WHAT YOU SHOULD DO: Each line from the one holding "シャーーー 剣を鞘からゆっくり抜く音 …の未再生の波形" to the last line of the listing must be set down exactly. No pictures are to be included.

SOURCE DATA:

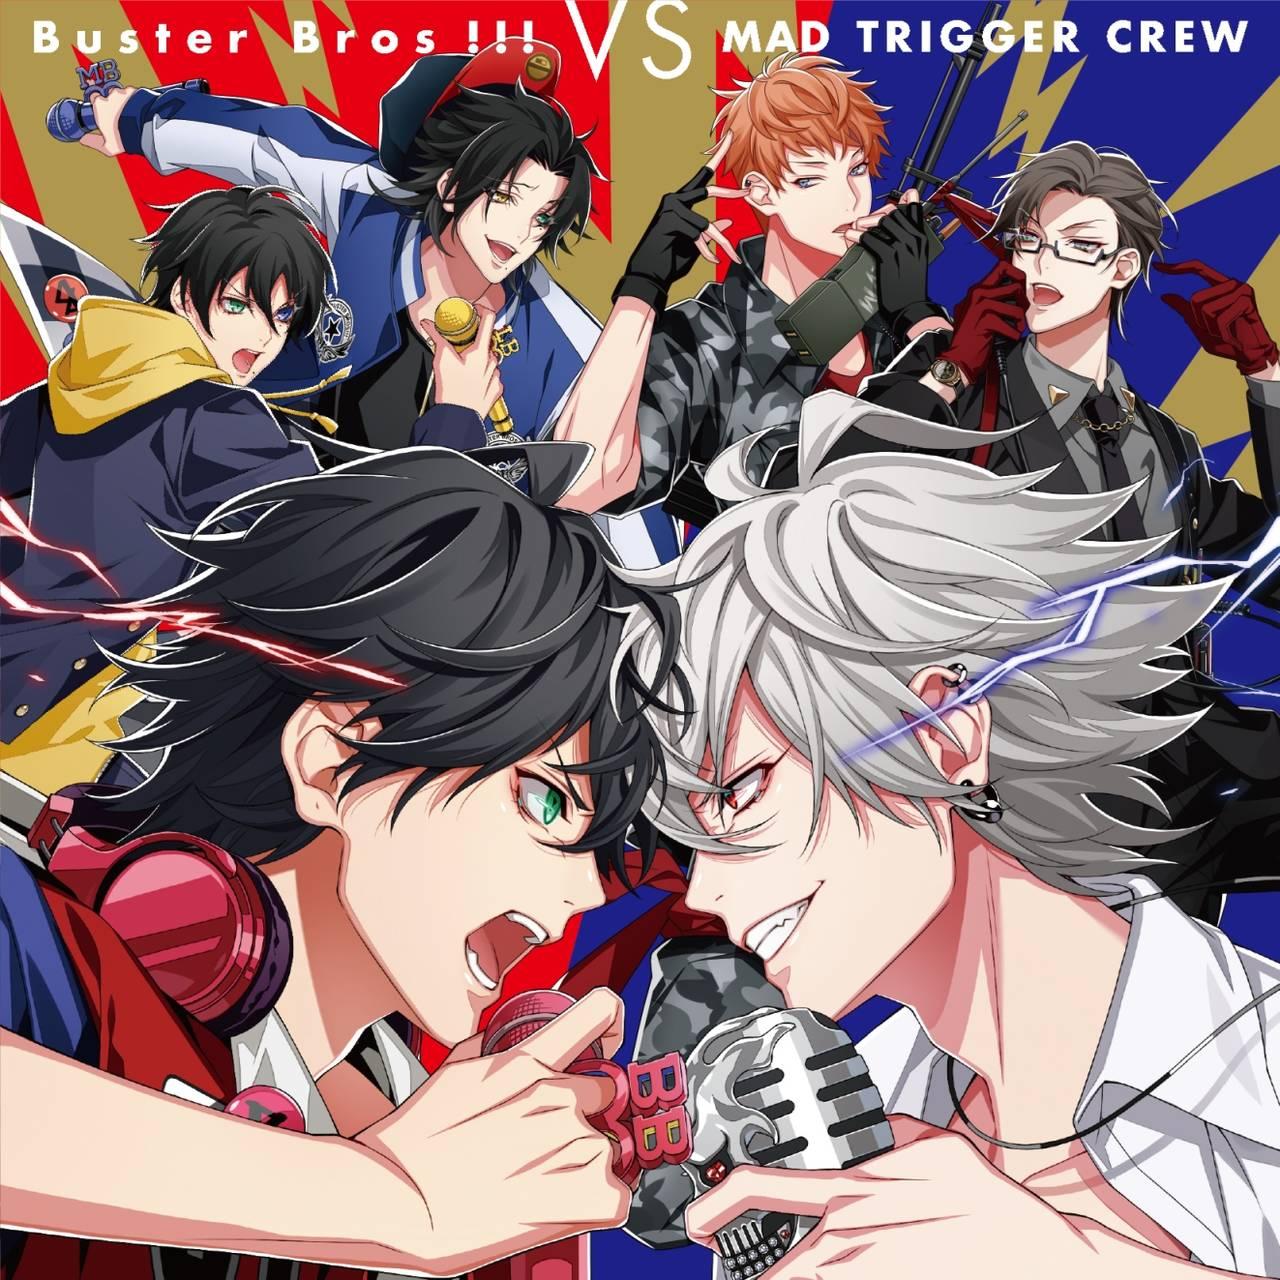 """ヒプノシスマイク1st Battle""""イケブクロVSヨコハマ"""" CD収録内容とジャケ写解禁!"""
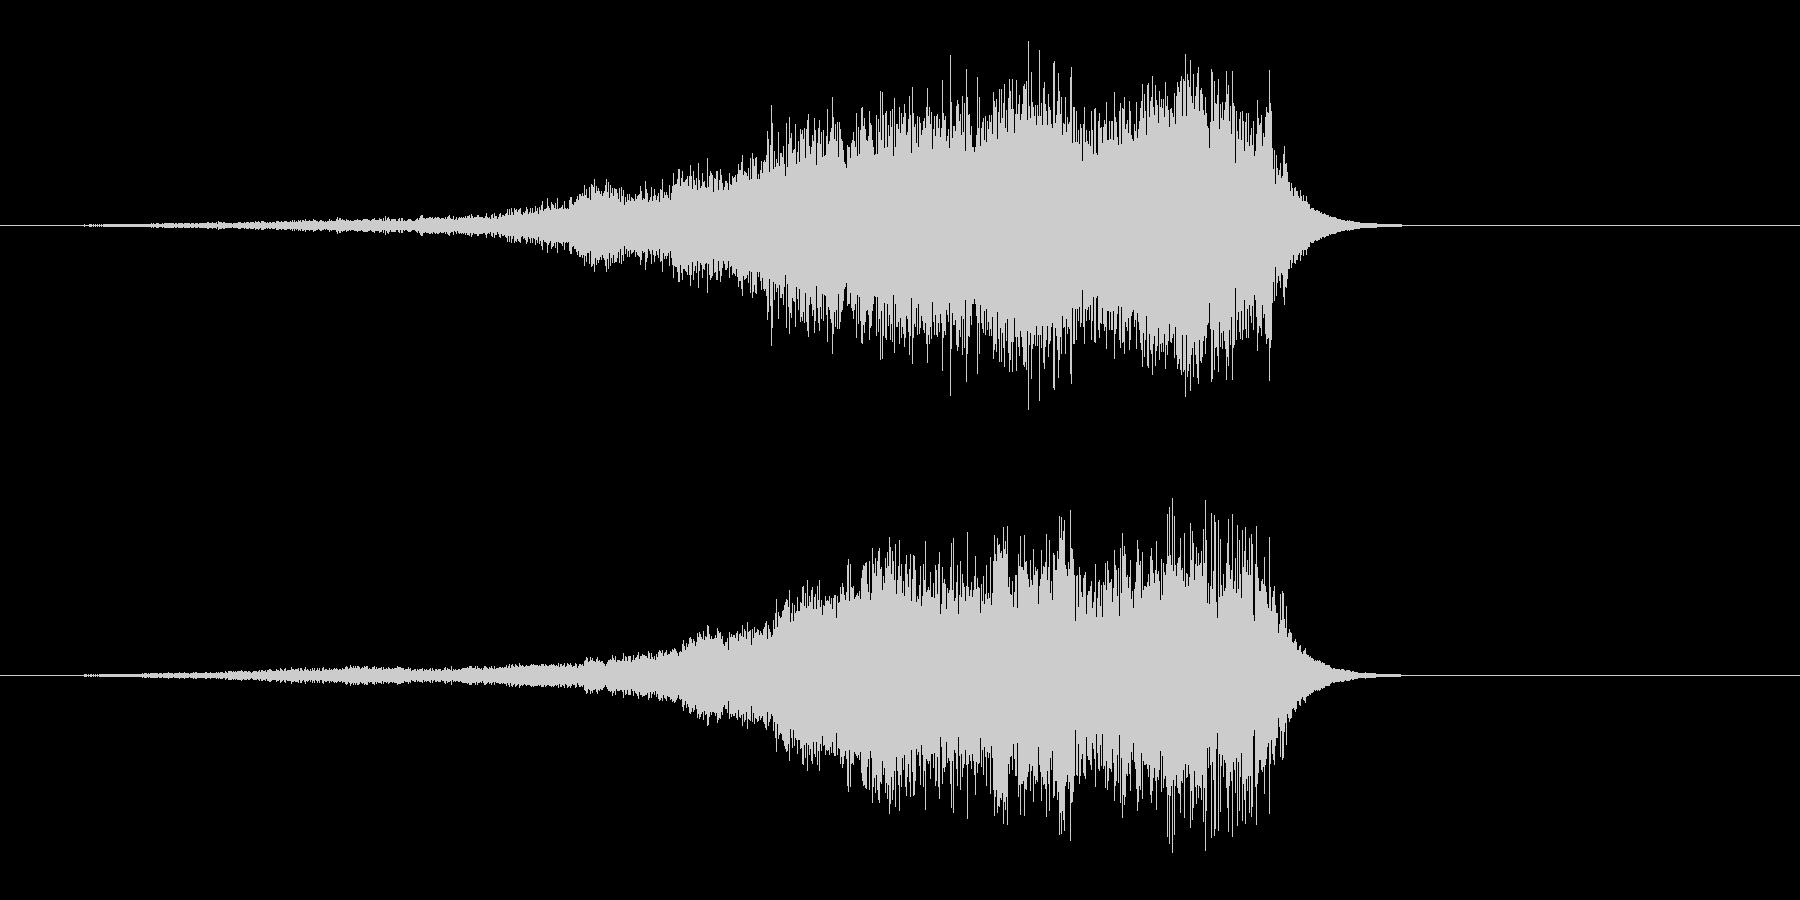 シャーーー 剣を鞘からゆっくり抜く音 …の未再生の波形
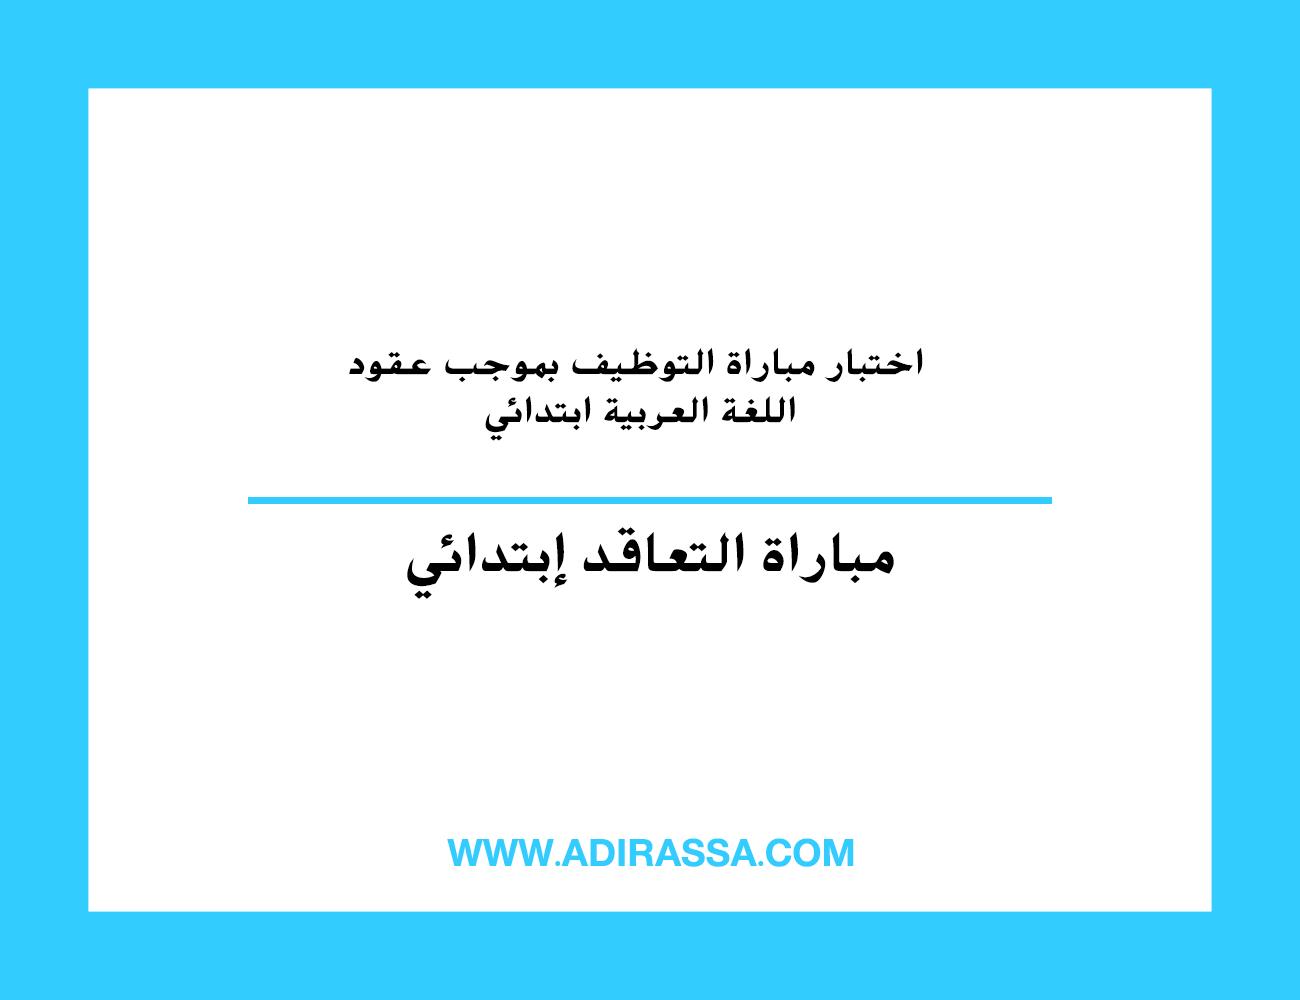 اختبار مباراة التوظيف بموجب عقود اللغة العربية ابتدائي

WRITTEN SOLUTION:
 シャーーー 剣を鞘からゆっくり抜く音 …の未再生の波形
 اختبار مباراة التوظيف بموجب عقود اللغة العربية ابتدائي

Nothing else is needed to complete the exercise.